Le manque d’attractivité de certains territoires est évidemment pour beaucoup dans ces inégalités. Il est clair qu’on ne fera jamais venir un jeune médecin, avec son conjoint, dans une commune où il n’y a pas une offre de services de qualité ou un accès au numérique de nouvelle génération !
Les conditions brutales et souvent anarchiques dans lesquelles sont conduites, depuis quelques années, les restructurations hospitalières ont également un impact fort. Elles démotivent les professionnels et désorganisent la coordination des soins.
Enfin, la désaffection pour la médecine généraliste et l’exercice libéral y est aussi pour quelque chose. La carrière de médecin fait, certes, encore rêver des générations de jeunes gens qui y voient non seulement une manière de gagner leur vie, mais aussi une forme d’engagement, d’altérité, d’humanisme. En revanche, à la différence de leurs aînés, les jeunes diplômés rejettent le schéma traditionnel du médecin à tout faire, isolé dans son cabinet, corvéable jour et nuit.
Parmi les nouveaux inscrits à l’ordre au 1er janvier 2010, moins d’un sur dix exerce en cabinet, deux tiers optent pour une activité salariée et un quart pour des remplacements. Ce faible attrait pour l’exercice libéral se vérifie même en radiologie, discipline souvent pointée comme l’une des plus lucratives.
Contrairement aux idées reçues, ce n’est pas le niveau insuffisant de la rémunération qui prime dans le refus de l’installation, mais surtout la charge administrative trop lourde, la solitude de l’exercice ou encore les contraintes des gardes.
Face à cette évolution préoccupante, qui ne date pas d’hier, on ne peut plus se contenter de mesures isolées, de promesses. De telles inégalités entre territoires ne sont pas admissibles dans notre république !

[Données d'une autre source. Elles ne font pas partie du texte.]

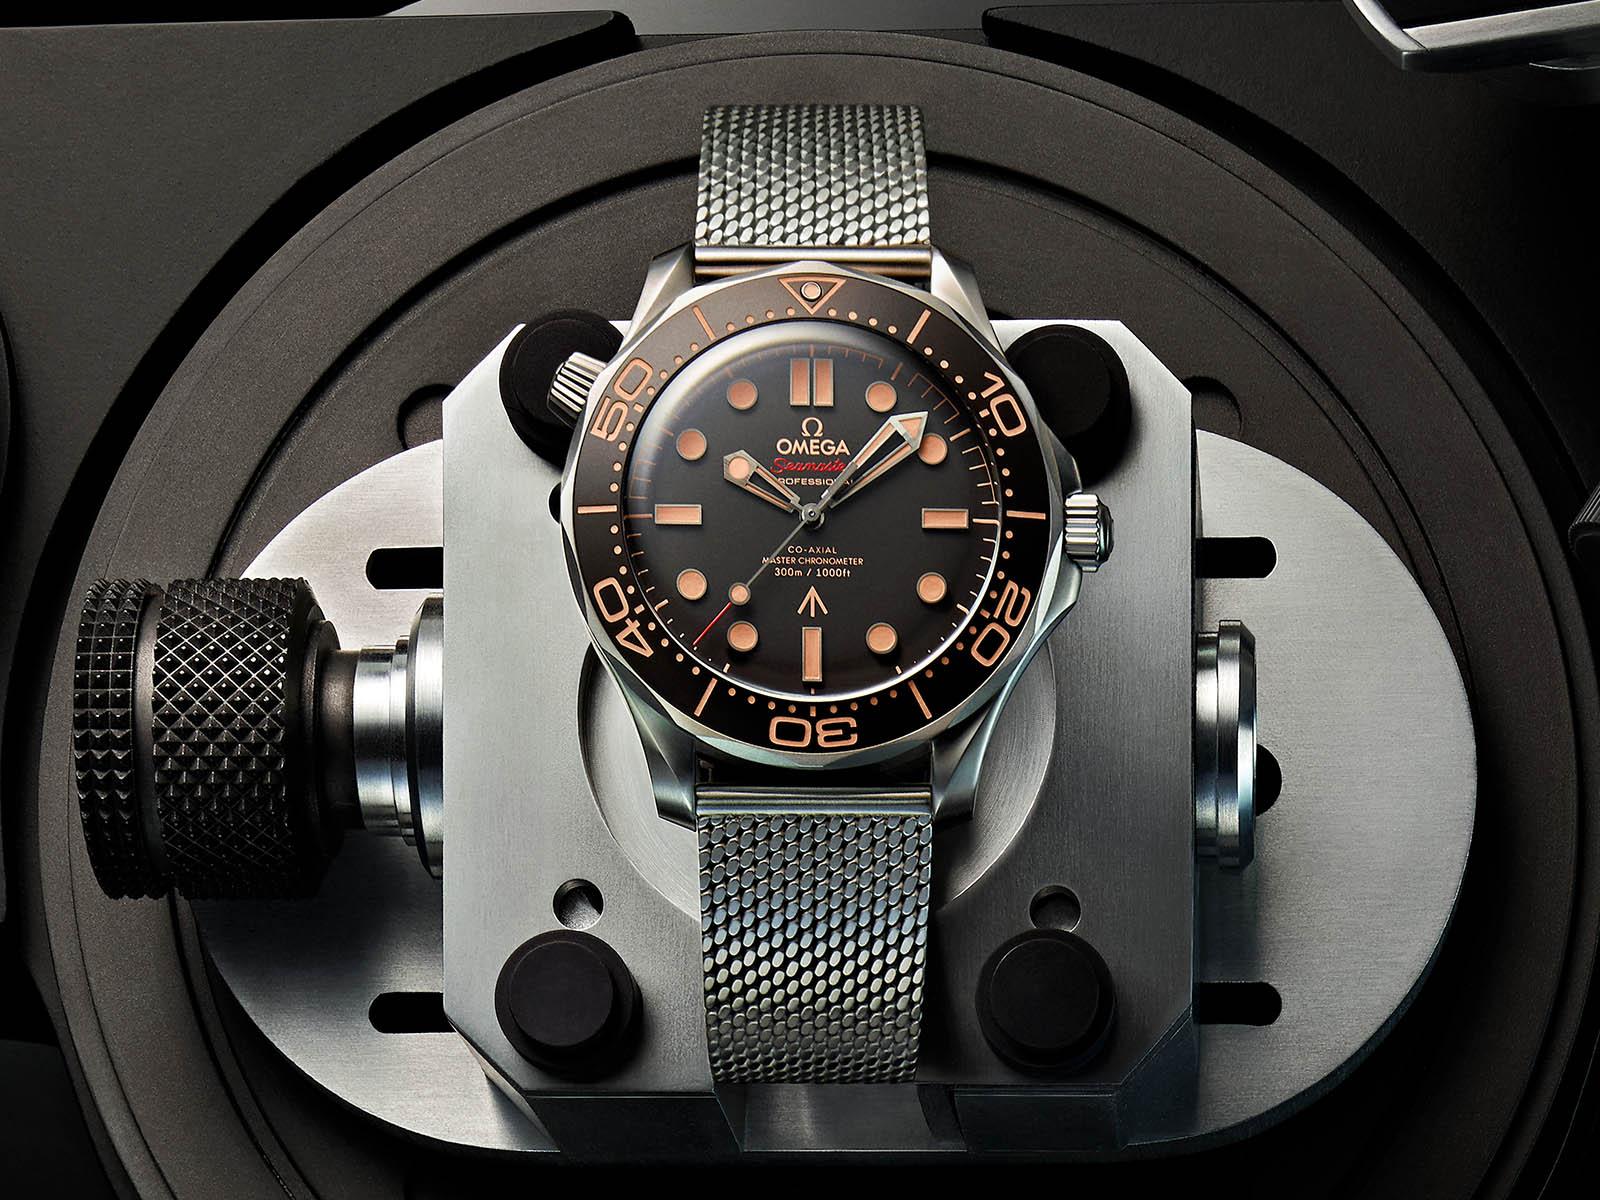 210-90-42-20-01-001-omega-seamaster-diver-300m-007-edition-2.jpg

Ce ne sont ni les incitations fiscales et sociales en zones de revitalisation rurales, ni la réforme de la première année des études médicales qui a été engagée cette année, ni les quelques mesures de la loi portant réforme de l’hôpital et relative aux patients, à la santé et aux territoires, dite loi HPST – certaines, comme la régionalisation du numerus clausus, la reconnaissance de la médecine de premier secours ou le contrat d’engagement de service public, étaient au demeurant positives... – qui régleront le problème durablement.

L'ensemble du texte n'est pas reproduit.